Despite being a lifelong Democrat and personal friend of the Kennedy family, she was appointed social secretary to fellow Smith College alumna Nancy Reagan in 1981, serving the First Lady until 1985. She went on to sit on the boards of trustees of the Phillips Collection and the Eureka Foundation, and served as president of the Washington office of the public relations firm of Rogers & Cowan.

===Cabot era===
Cabot was widowed from her second husband, Brandon, in 1993. In 1997 she married Louis Wellington Cabot, chair of the America's Cup Foundation and of the Federal Reserve Bank of Boston, and a scion of the prominent Boston Cabot family.

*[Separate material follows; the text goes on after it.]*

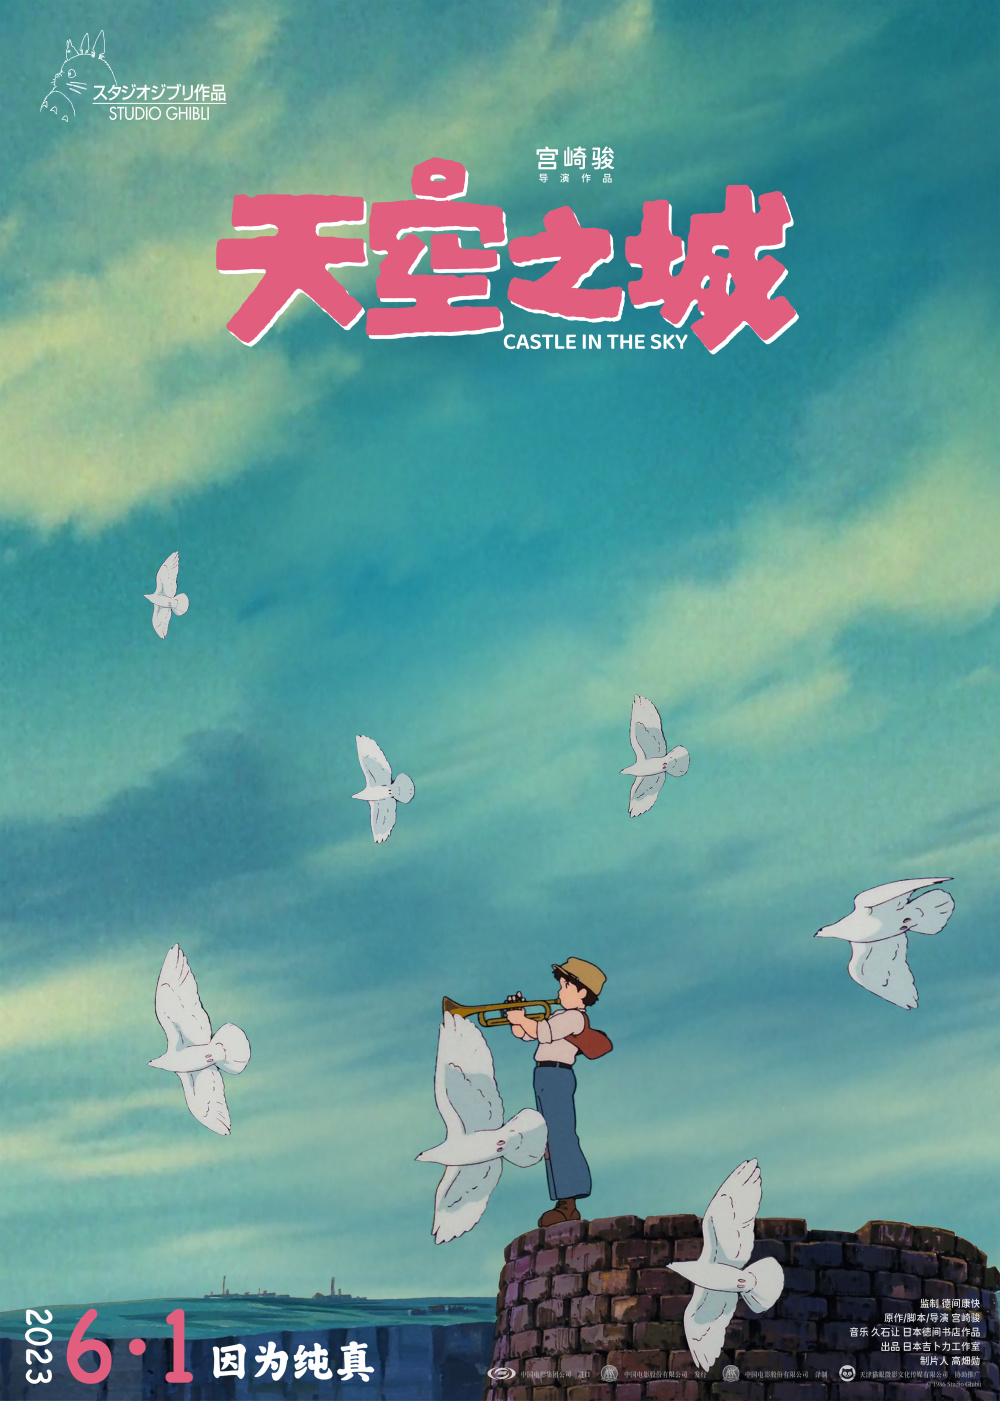 宫崎骏的《天空之城》：永恒的美好与梦想执着

In 2003, the Aperture Foundation published Muffie Cabot's Vanished Kingdoms: A Woman Explorer in Tibet, China, and Mongolia, 1921-1925, an account of her mother's travels in early 20th-century Asia. Her early work on the book was encouraged by long-time friend Jacqueline Kennedy Onassis who read a first draft prior to her death.

==Personal life==
Describing her mother's preferences, Ali Wentworth has explained that Cabot "will choose a bath over a shower, a play over a movie, and the ocean over a pool." She has said that Cabot's normal response to any stress in life is to check into the Four Seasons Hotel; a few minutes after the September 11 attacks Cabot called Ali Wentworth, then living in New York, and recommended she immediately book a suite at the hotel.

In addition to Ali Wentworth, Cabot's other children from her marriage to Eric Wentworth included a son and another daughter. With Henry Brandon she also had a daughter.